Sur le stand était posée, bien ordonnée, une conséquente brochette de bras de différentes tailles, parsemée de quelques oreilles et nez. La commerçante me considéra comme pour juger de la taille qu’il me fallait, hésita un moment avant de saisir fermement un bras et me le tendit :

- Là, essayez-moi ça, dit-elle confiante, ça devrait aller. C’est un bras droit.

Avec l’aide de Kamal je réussis à encastrer l’organe au haut de mon flanc droit. Mais quand j’essayai de le bouger dans tous les sens afin d’en tester l’efficacité quelques craquements se firent entendre.

- C’est normal, me rassura la bonne femme, c’est parce que c’est encore tout neuf !
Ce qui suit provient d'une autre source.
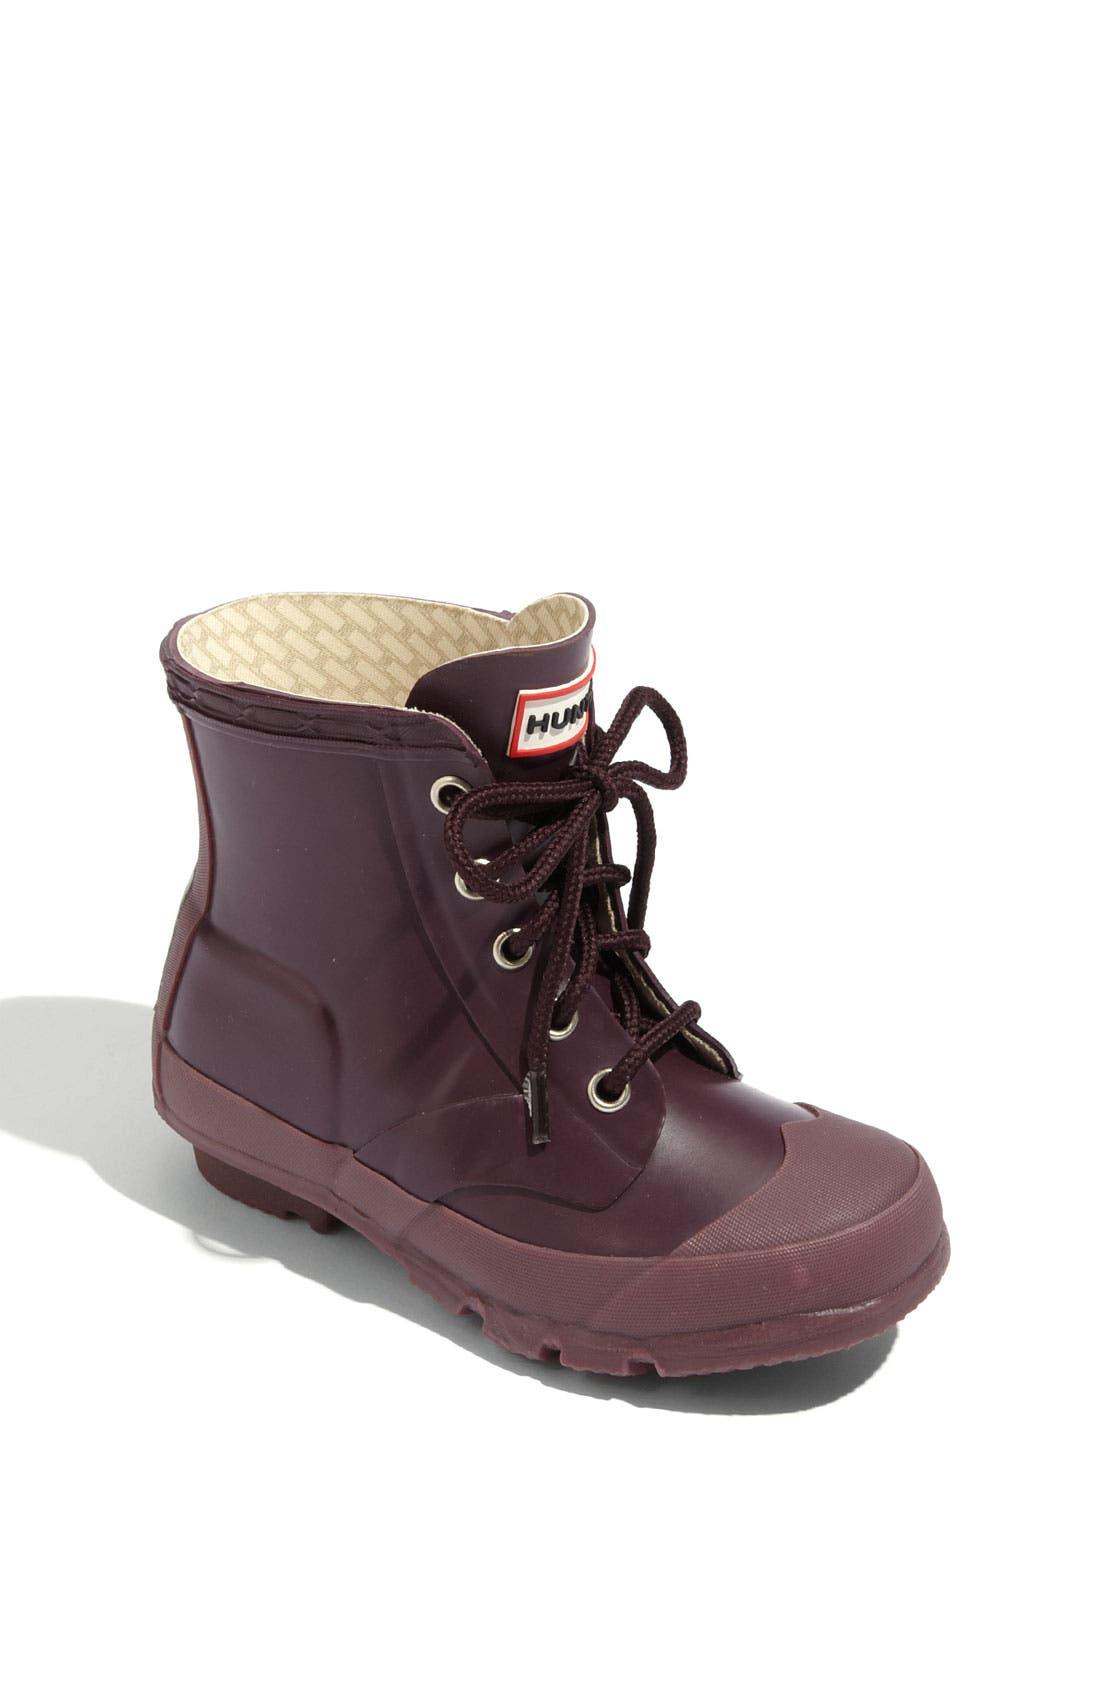 Alternate Image 1 Selected - Hunter 'Petite Brixen' Boot (Toddler & Little Kid)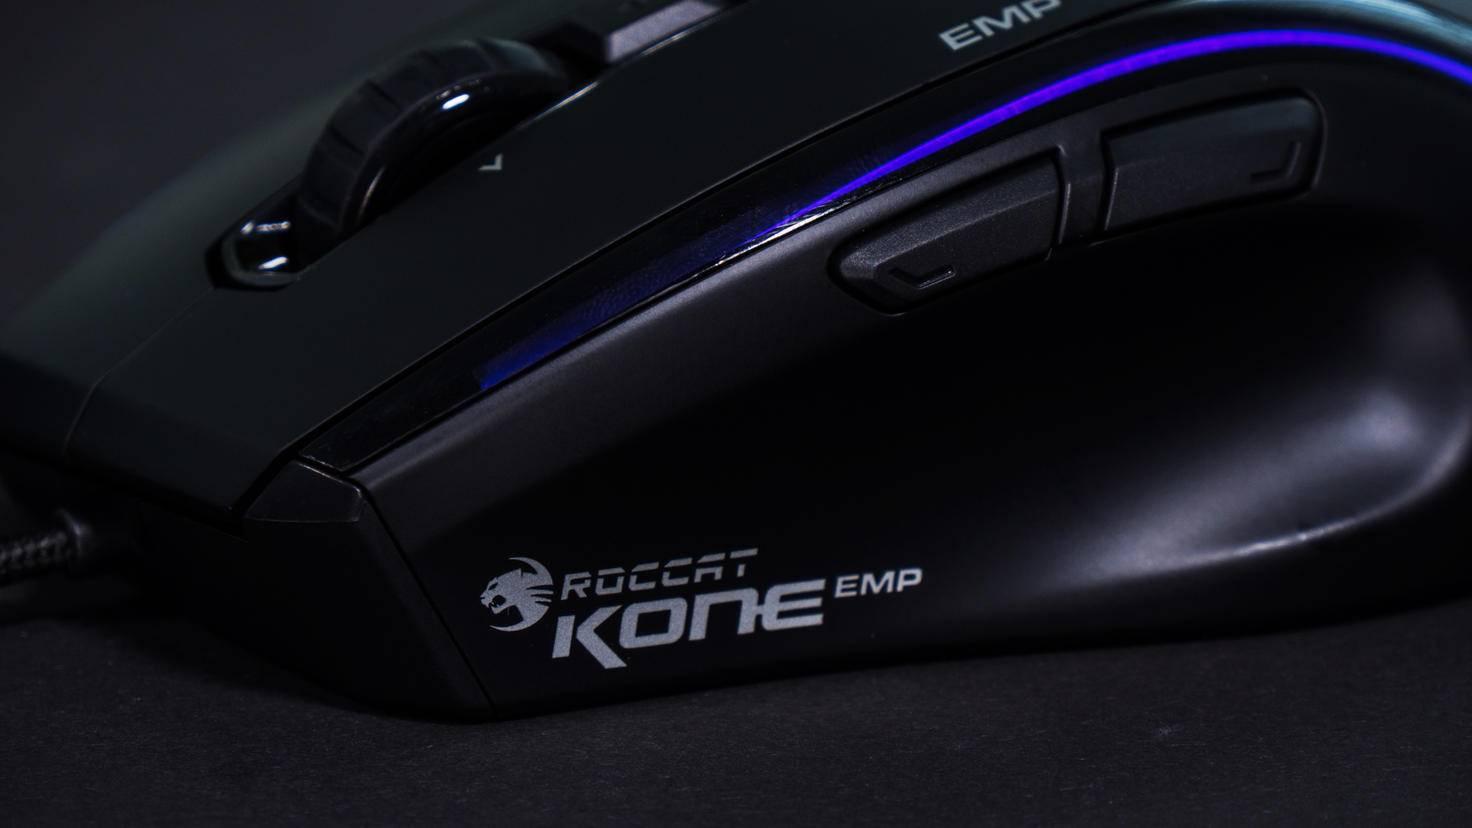 170217_Roccat_Kone_EMP-8

Quoiqu’il en fût, le bras m’allait comme un gant, et j’en fus heureux. Maintenant il fallait me trouver un bras gauche ! La commerçante, toujours débonnaire, parcourut de son regard la série de membres, plusieurs fois, de gauche à droite puis de droite à gauche. Au bout d’un moment elle sembla désappointée.

- Eh bien mon chou, pas de chance ! Du 25 gauche, y en a plus ! On m’a tout pris !

Cette annonce m’attrista profondément d’autant plus que j’avais déjà un bras !

- Attendez, je vais voir si Saïd pourrait nous aider.

Toute grassouillette qu’elle était, elle se dressa sur la pointe de ses pieds comme une ballerine, juxtaposa sa main sur sa joue pour que le son se propageât correctement et cria : « Saïd ! Saïd ! » Saïd, s’affairant derrière son stand un peu plus loin, l’entendit enfin.

- Dis-moi qu’il te reste du 25 gauche en bras !

Saïd fit un signe de négation désolé de la tête.

- Non, chérie, ils m’ont tout pris ! Il paraît qu’il y a une vraie croisade contre les gauchers ! On leur coupe la main et le bras avec, de peur que ça leur repousse !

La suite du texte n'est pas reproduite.